The Chechen authorities are very selective regarding their choice of people to terrorise for the actions of their relatives who took up arms. All close relatives on the paternal side, all the way up to second cousins, are subjected to strong pressure. Intimidation and beatings become common. The Prosecutor’s Office and the Investigative Committee of Russia are obliged to prevent such crimes, but instead they pretend not to notice them. None of the persecuted families wish to file written complaints to the prosecutors. If they did, they assume, they would face even greater terror.

Five or six years ago, in areas where there were still militants hiding in the mountains of Chechnya, the authorities forced close relatives of the militants to walk in front of the police and soldiers during special operations.

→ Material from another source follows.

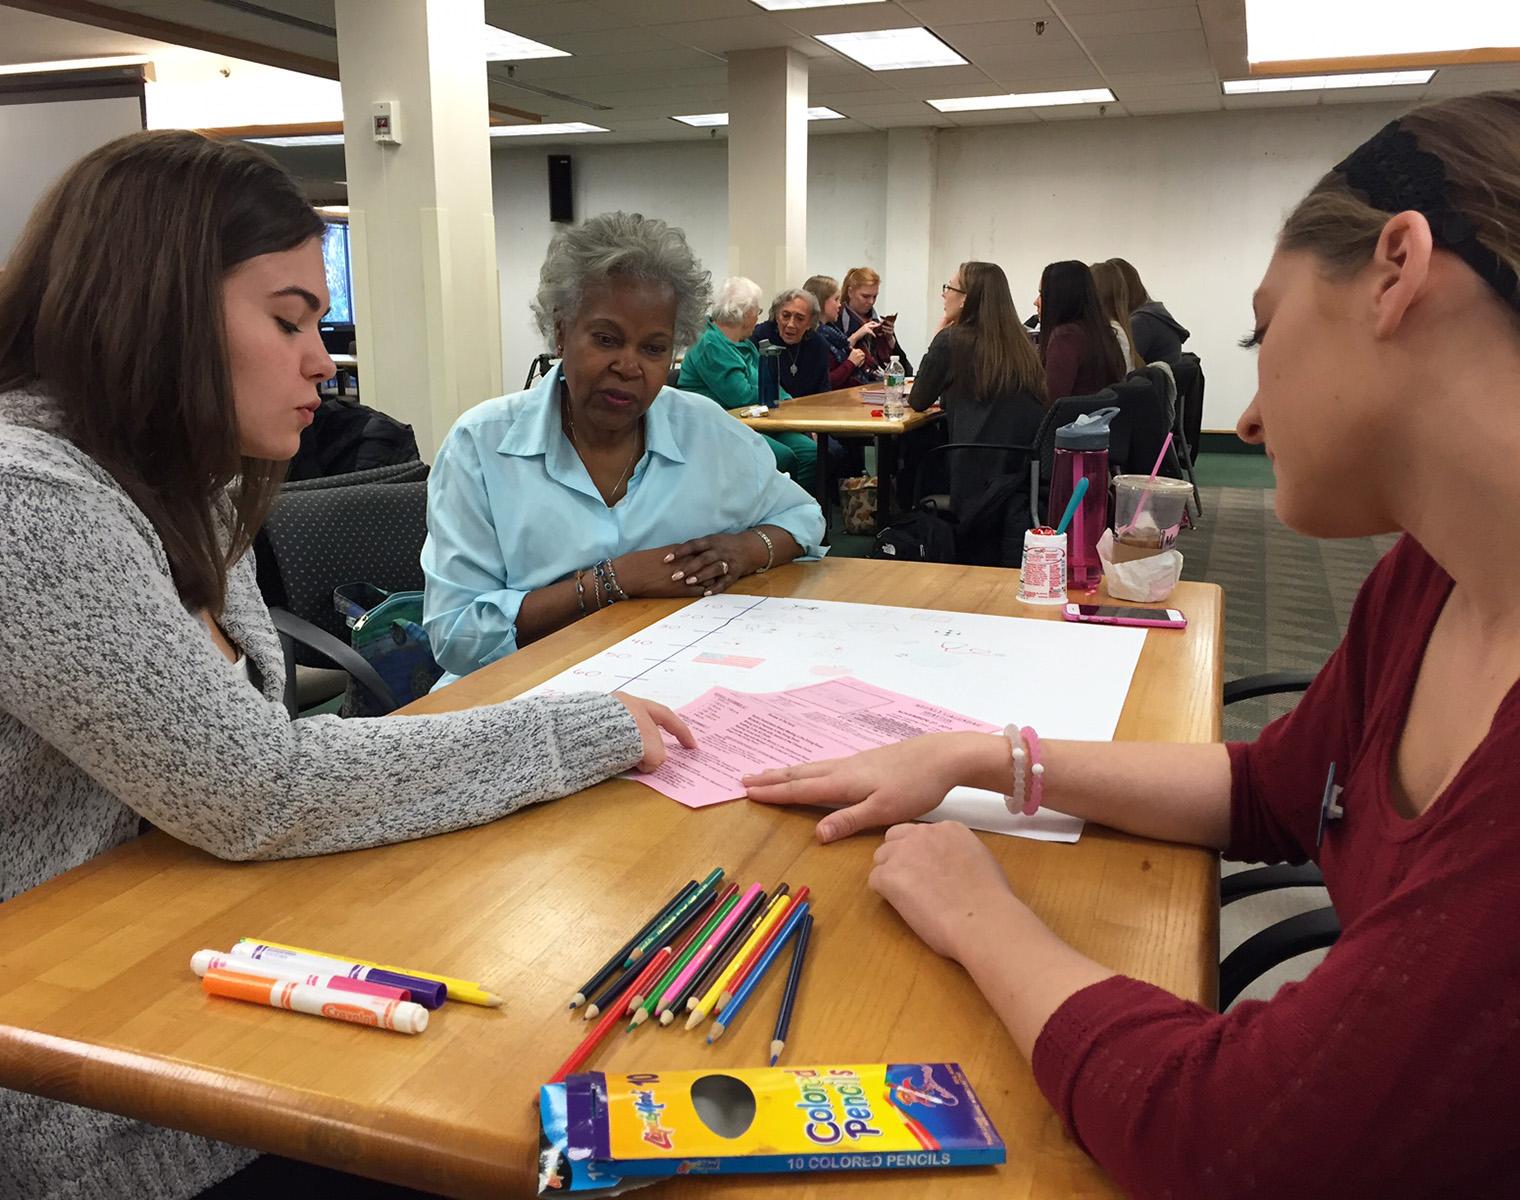 Two young women, who are nursing students, sit at a table with an older woman. They have papers, colored pencils, and markers and are engaged in an activity.
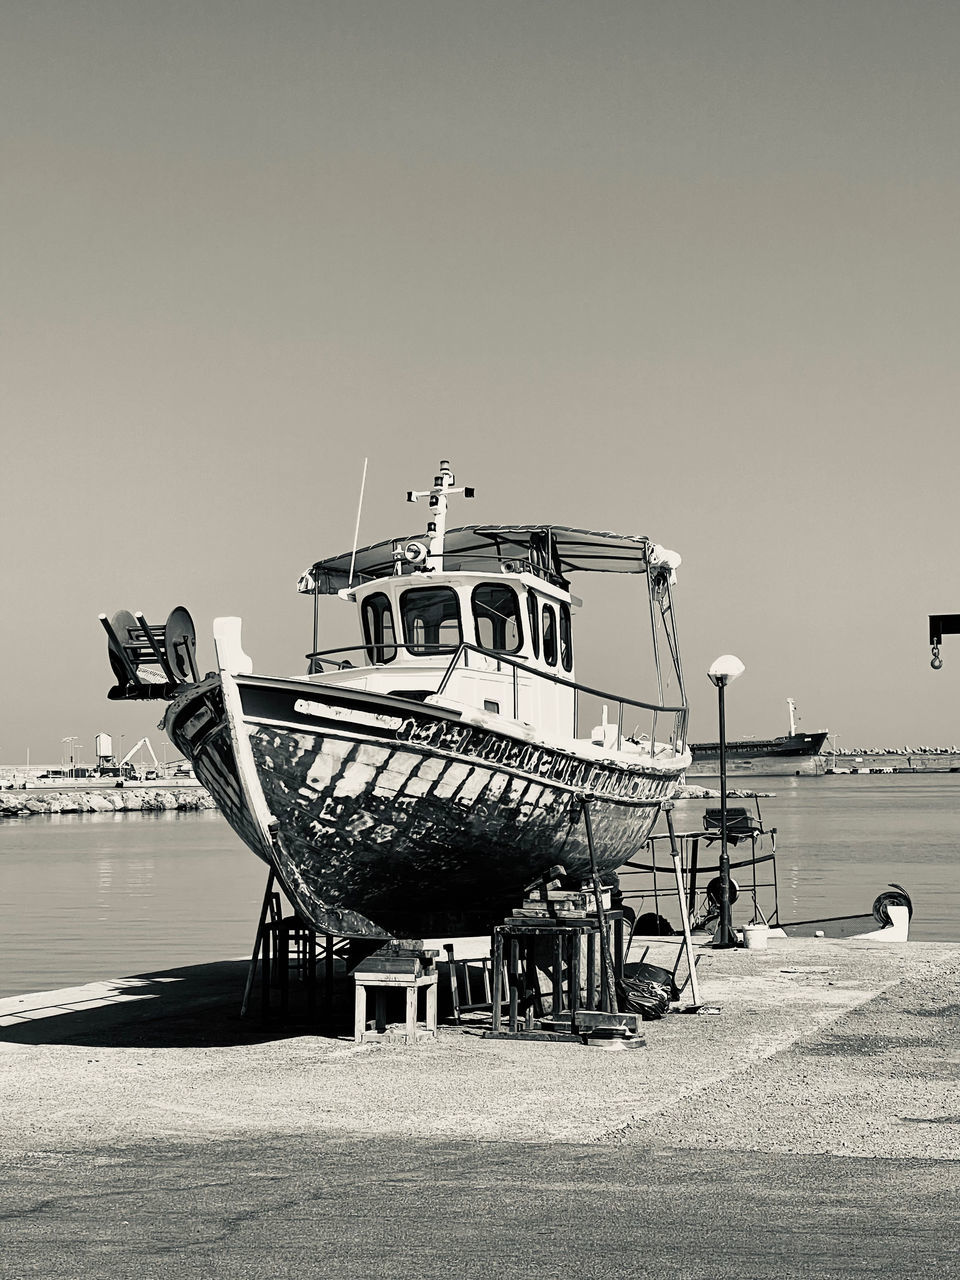 transportation, water, vehicle, mode of transportation, sea, nature, nautical vessel, sky, aviation, aircraft, boat, monochrome, beach, airplane, black and white, no people, monochrome photography, day, copy space, clear sky, land, watercraft, sunny, ship, outdoors, coast, travel, sunlight

This tactic was first used during the Russian conquest of the Caucasus. Even in 1976, when the last Chechen abrek (anti-Russian guerrilla fighter), Khasukha Magomadov, was killed, his brother was put at the forefront of a number of police and security forces during the operation. He was forced to go first towards the emaciated 71-year-old Khasukha, who was hiding in a mountain cemetery in Shatoy district, hoping that brother wouldn’t shoot at brother, and if so — he would become the first victim.

Chechnya’s president Ramzan Kadyrov favours this tactic today. It was on his orders that brothers and fathers were driven into the forest in order detain or kill their militant relatives.

Cruelty and collective family responsibility on the part of the authorities are among the reasons which led many Chechen fighters to travel outside Russia to Syria, and to participate in the conflict in the ranks of the Islamic State. It may seem on the surface that the Kremlin’s dream of subduing Chechens has come true, but the reality is more problematic. The Chechenisation of the conflict, i.e. making Chechens fight against Chechens, is bound to backfire eventually. Chechens will not forgive other Chechens’ mockery, abuse, and cruelty to the innocent. Their hatred towards the perpetrators and their helpers will be expressed in silence, for now. A Chechen’s silence, while they’re holding inside a deathly offence, is often more eloquent than loud speeches. No-one knows when or where, or even in what generation, but this resentment will eventually explode.